John “Jahni” Moore / United Federation of Artistic Minds
WE will use art to reestablish an awareness of the historical presence of African American and Indigenous culture in Magnolia Terrace and surrounding neighborhoods in Huntsville, AL. The project will establish the Drake House—a site formerly owned by Joseph Fanning Drake, the fourth president of Alabama A&M University—as a base to create community. The artists will restore the house into a central creative and informative beacon space that represents what the neighborhood did and can look like and will host workshops, art exhibits, and community planning events. WE has acquired the building and begun to use it as a space for creative planning and a community garden. By creatively informing the residents and the city of Huntsville of the significant contributions of African American and Indigenous people in their community, the artists hope to address the reality of urban takeover known as gentrification and slow down the displacement of the present BIPOC residents by giving them a safe space in the heart of continued development in the city.
Jazmine Walker
The Sweet Magnolia Fund is a community mutual aid fund that provides opportunities for Black Queer, Trans, Gender Non-Conforming, Lesbian, Gay, Questioning, Intersex, Asexual, and Bisexual artists opportunities to further their artistic development, advancing both an inclusive and vibrant arts community and a cultural shift in Mississippi. Created to support artists in response to Jackson’s water crisis, the Sweet Magnolia Fund provides grants between $500 and $5,000, as funding allows, to Black LGBTQIA+ artists in Mississippi in mediums including visual art, performance, food, film, dance, and others.
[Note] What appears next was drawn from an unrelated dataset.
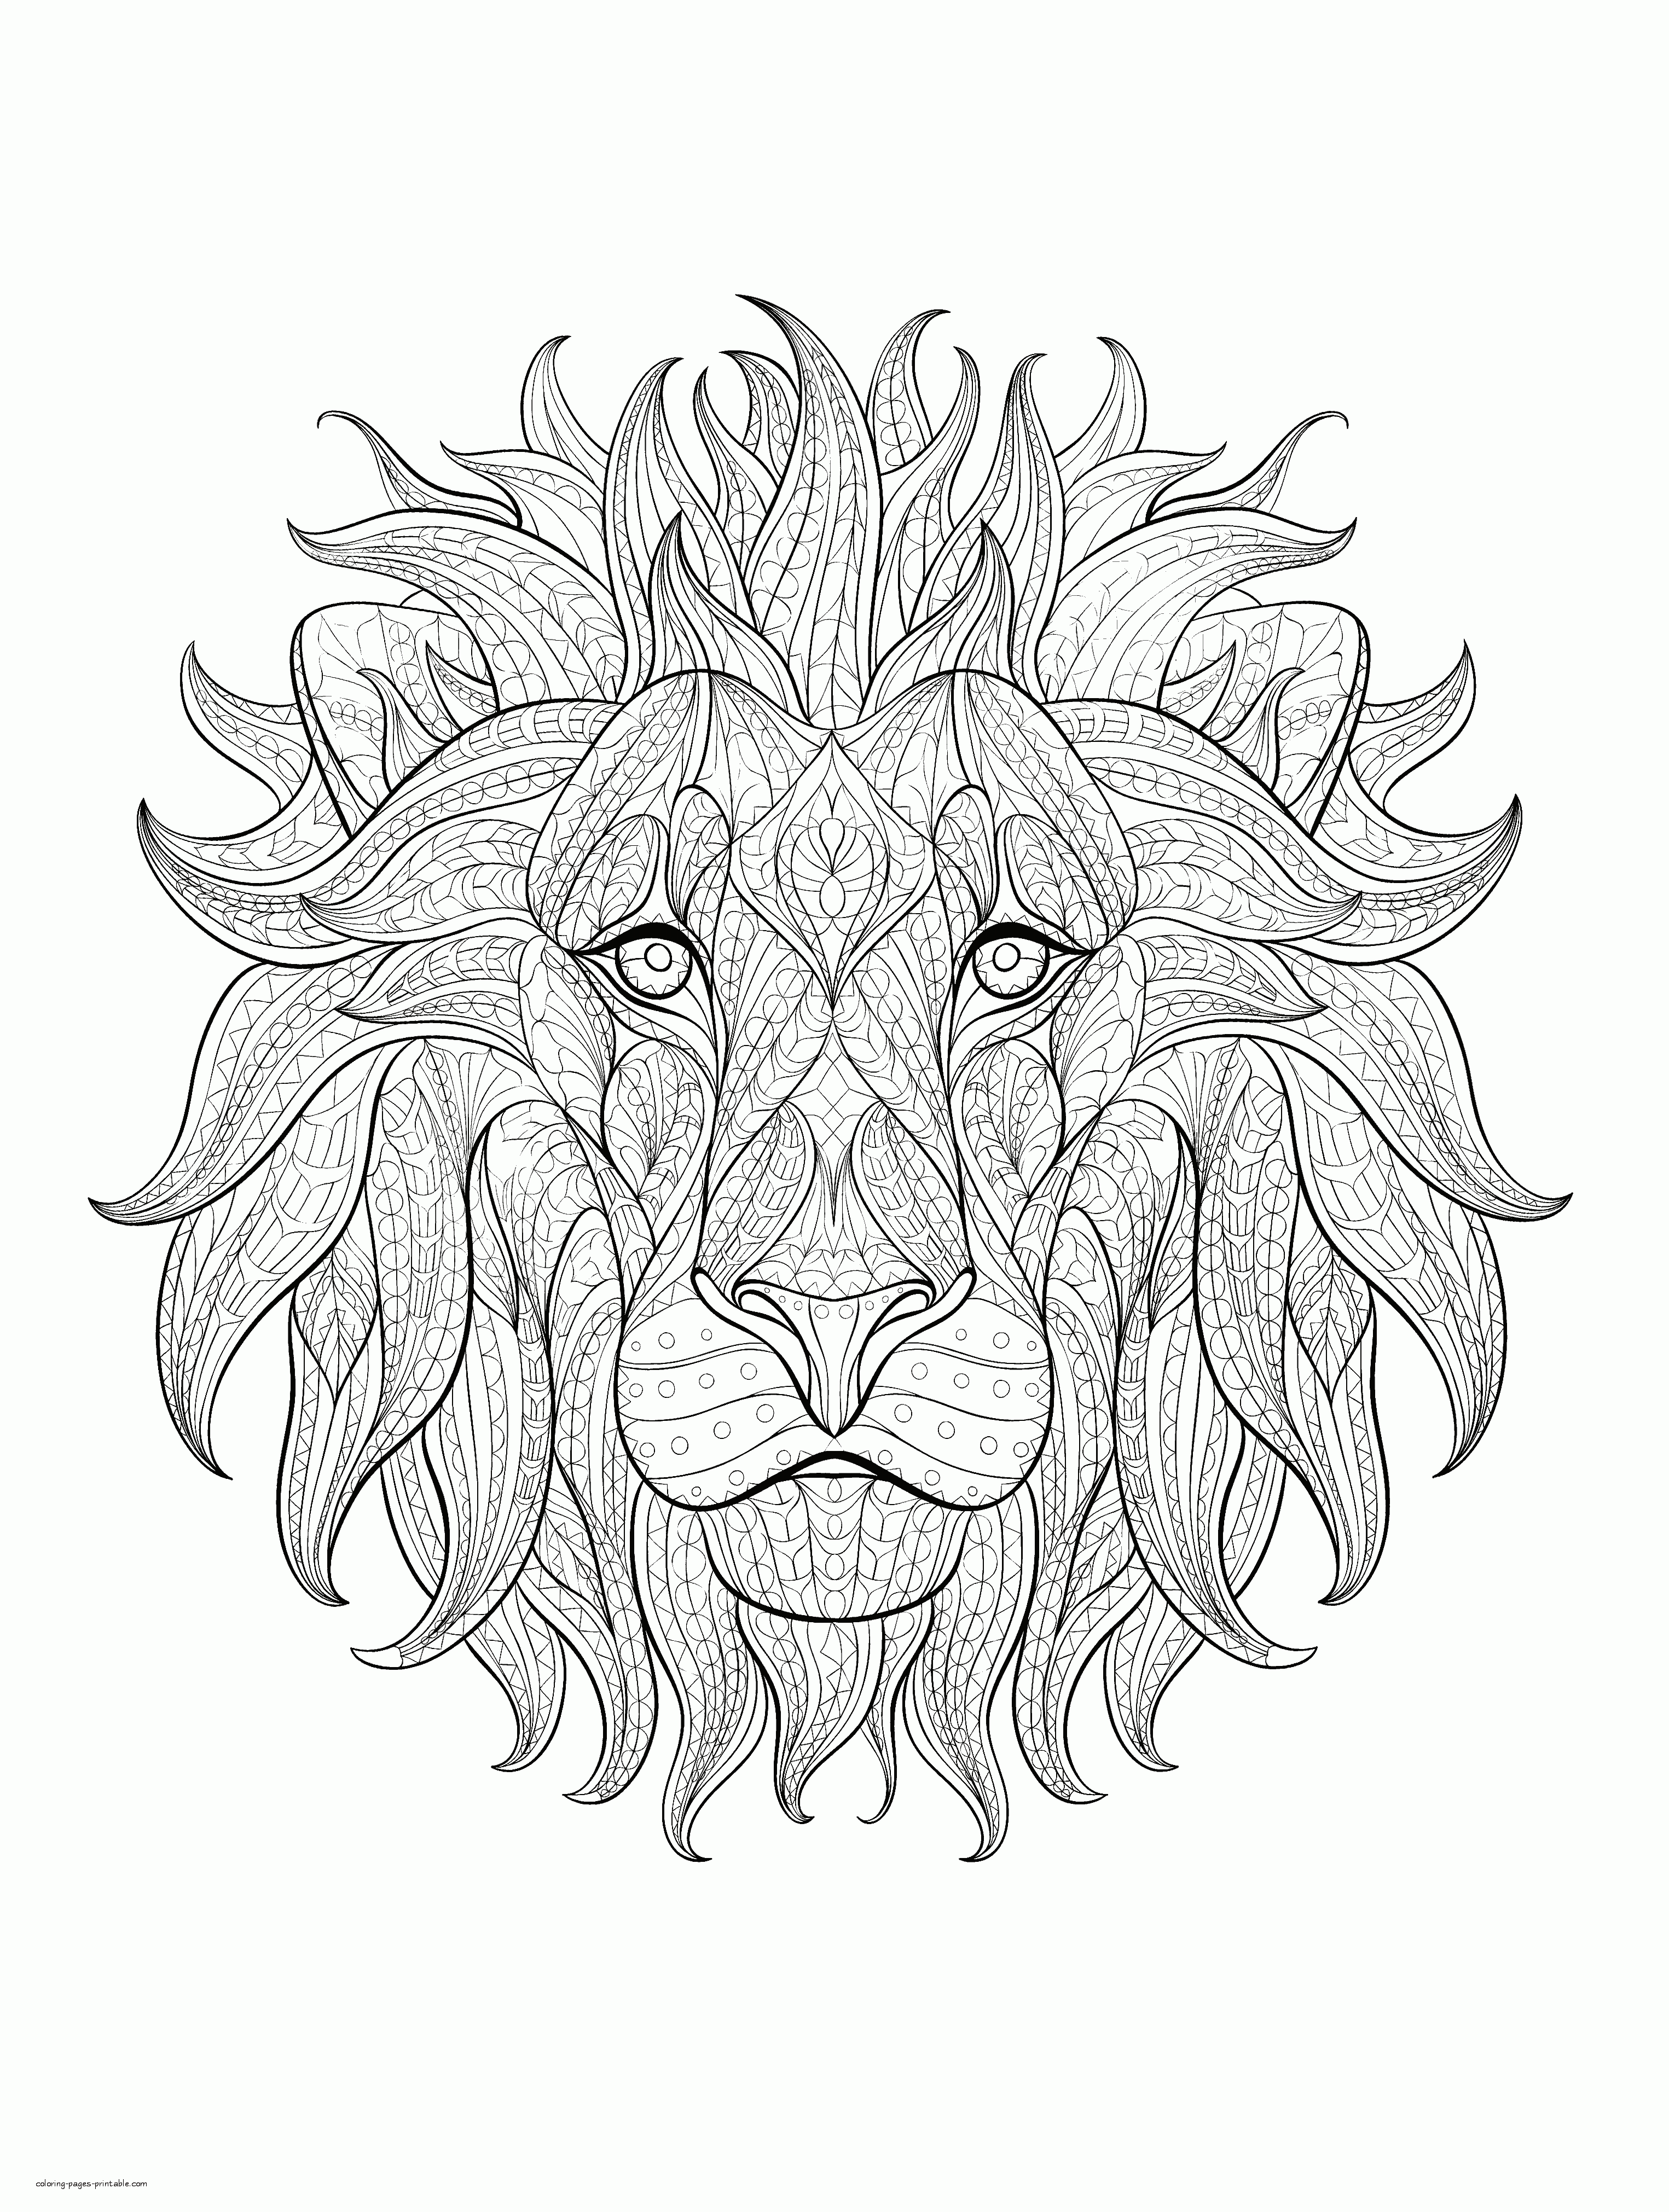 Free Lion Coloring Pages    COLORING PAGES PRINTABLE.COM

The program also sponsors So(u)lday Sunday, an art exhibition and safe space for Black LGBTQ+ artists, performers, food artisans, and other creatives inaugurated in June 2022. The Sweet Magnolia Fund’s mission is to steward a just and vibrant arts and educational culture that will support the growth and creative expression of Black Queer & Trans people in Mississippi.
ChE Ware
The People Can Fly queers a traditional African American folktale through a four-part series of transdisciplinary Ring Shout rituals. The series title is inspired by an iconic folktale that describes the liberation of enslaved peoples who fly away from a plantation in a vertically spiraling Ring Shout, a healing resistance methodology through ceremonial drum and dance. The People Can Fly brings this folktellin’ alive in present tense through four participatory performance rituals that weave circles of Afro-Contemporary dance, storytelling, sacred invocations, vocal harmonizing, and body percussion to open portals of healing intergenerational land-based trauma. Immersive altar installations made with medicine from the land will be erected on sites of ancestral resistance, trauma, and collective memory in honor of QTGNC2-S+ Black and Indigenous lives lost to the ongoing intersectional violence of heteropatriarchal racism. The project centers nonbinary Black and Indigenous bodies to claim invisibilized medicine inheritances and conjure a movement of marronage.